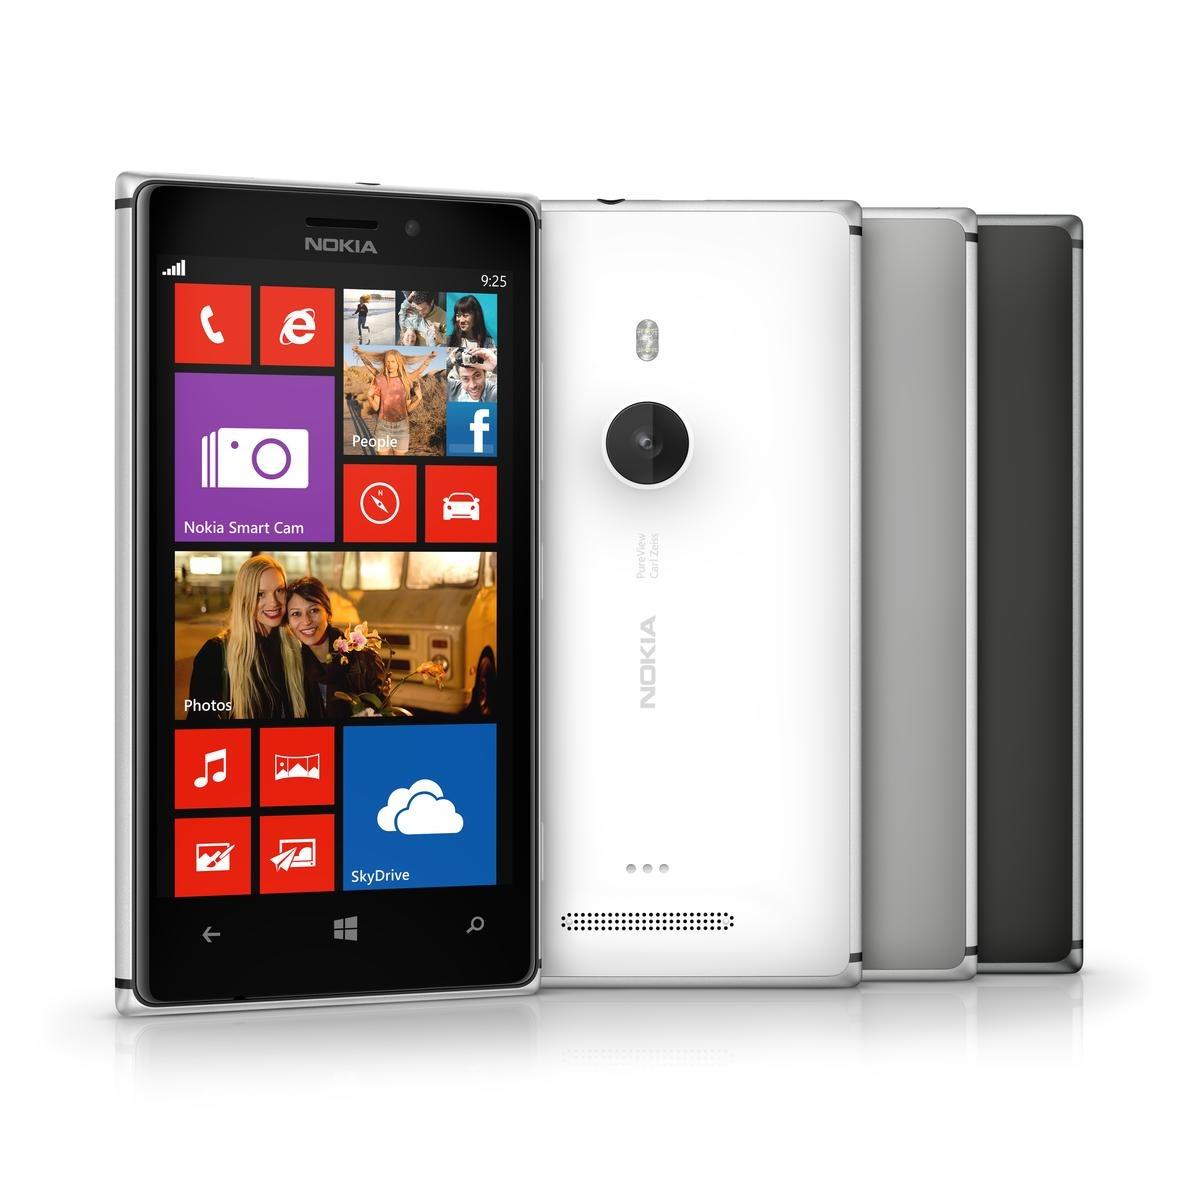 Nokia Lumia Price Nokia Lumia 925 Price ...
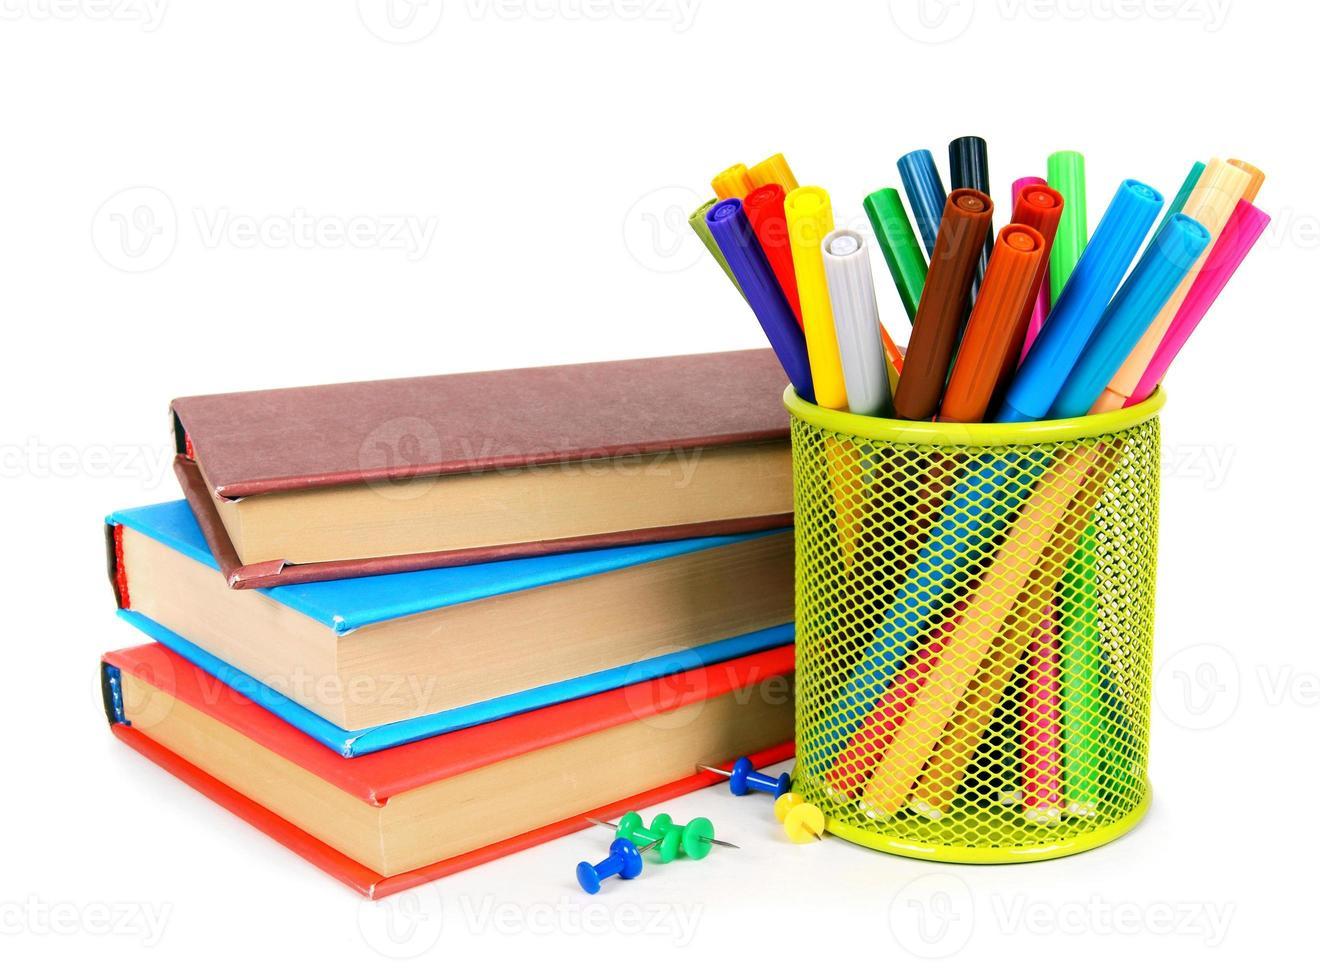 böcker och pennor. på vit bakgrund. foto
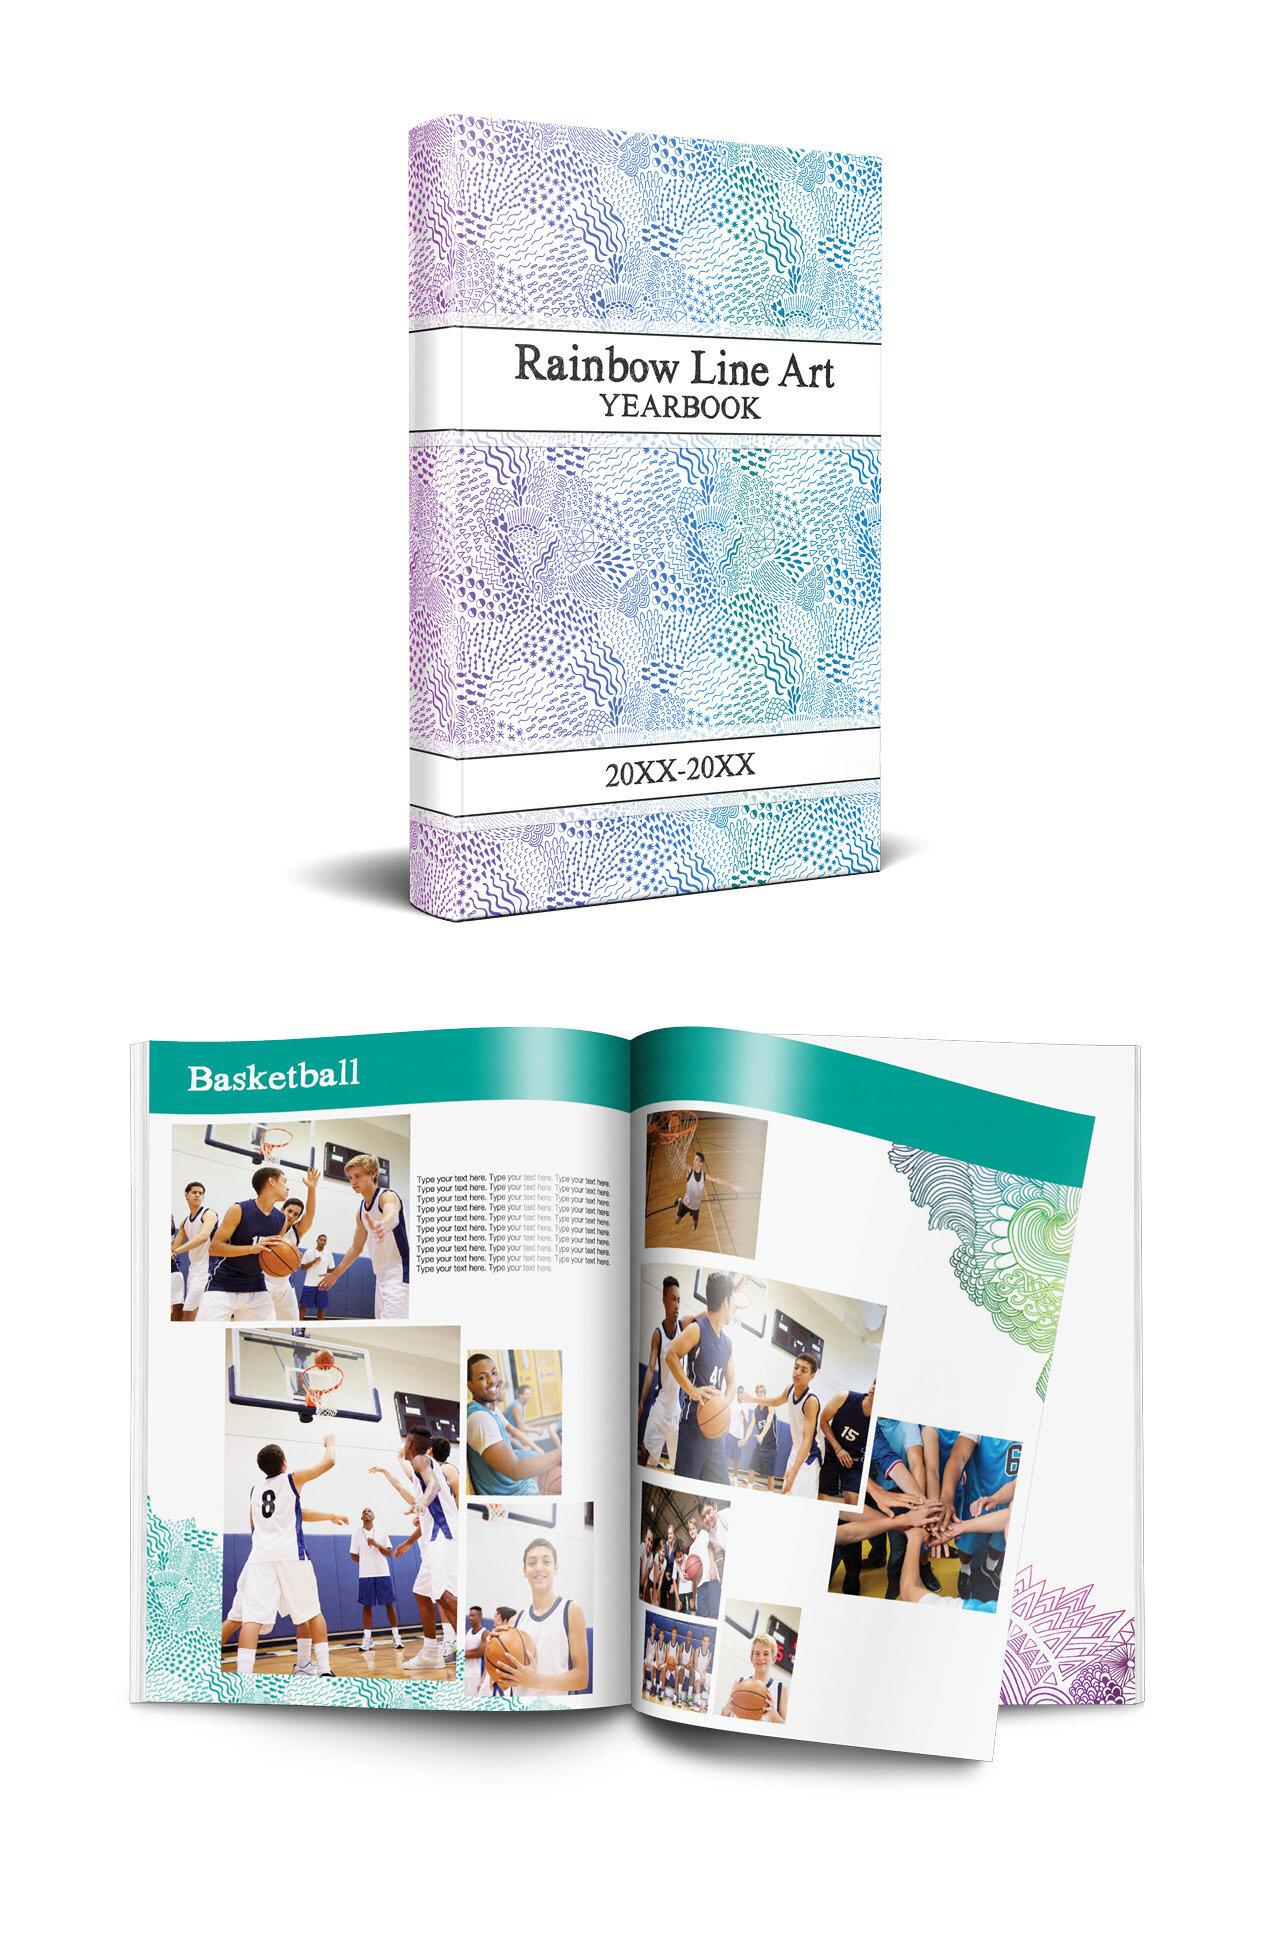 TreeRing_Rainbow Line Art.jpg
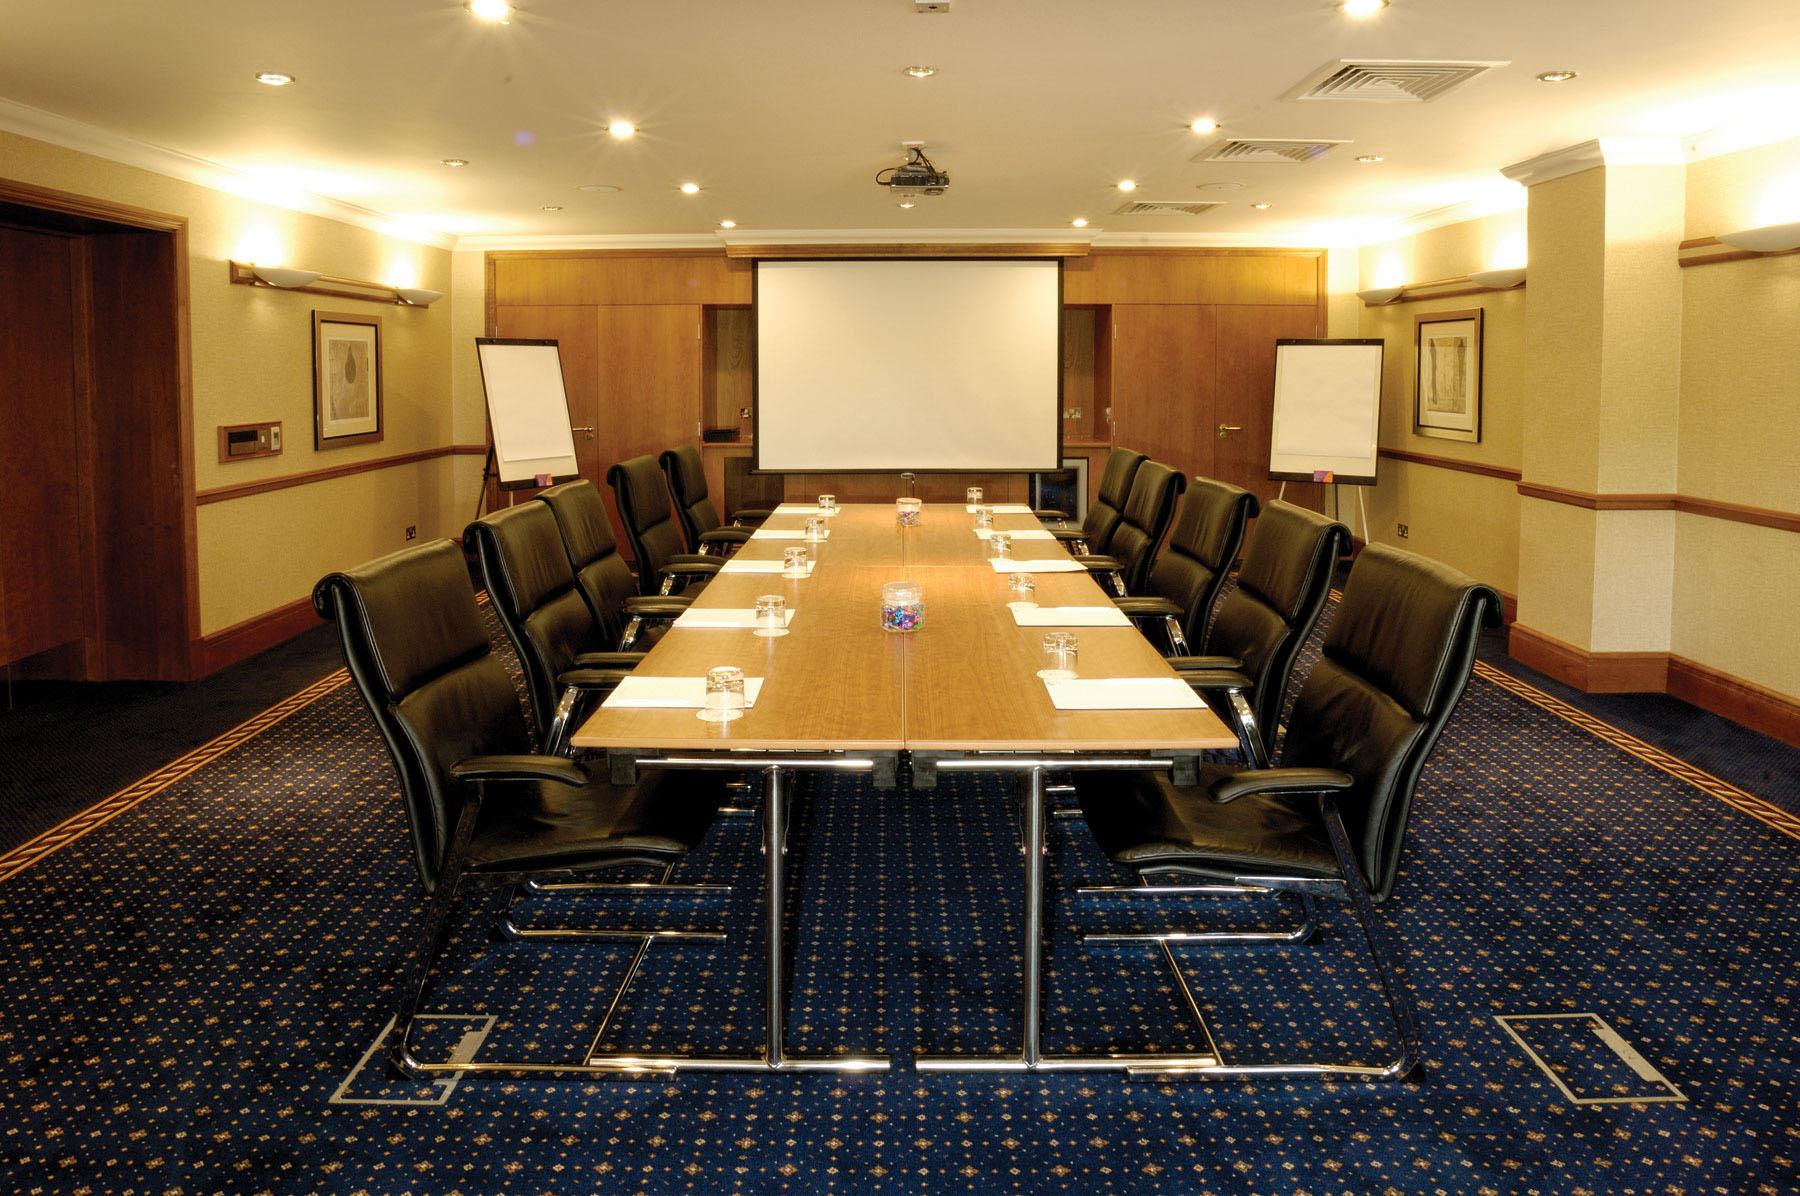 Cho thuê phòng họp theo giờ tại Giá Rẻ tại Hà Nội

> **EXERCISE PROMPT**
Leave the pictures out and return the rest of the material exactly.

> **TASK RESPONSE**
 Nokia Lumia Price Nokia Lumia 925 Price ...
 böcker och pennor. på vit bakgrund. foto
 TreeRing_Rainbow Line Art.jpg
 Cho thuê phòng họp theo giờ tại Giá Rẻ tại Hà Nội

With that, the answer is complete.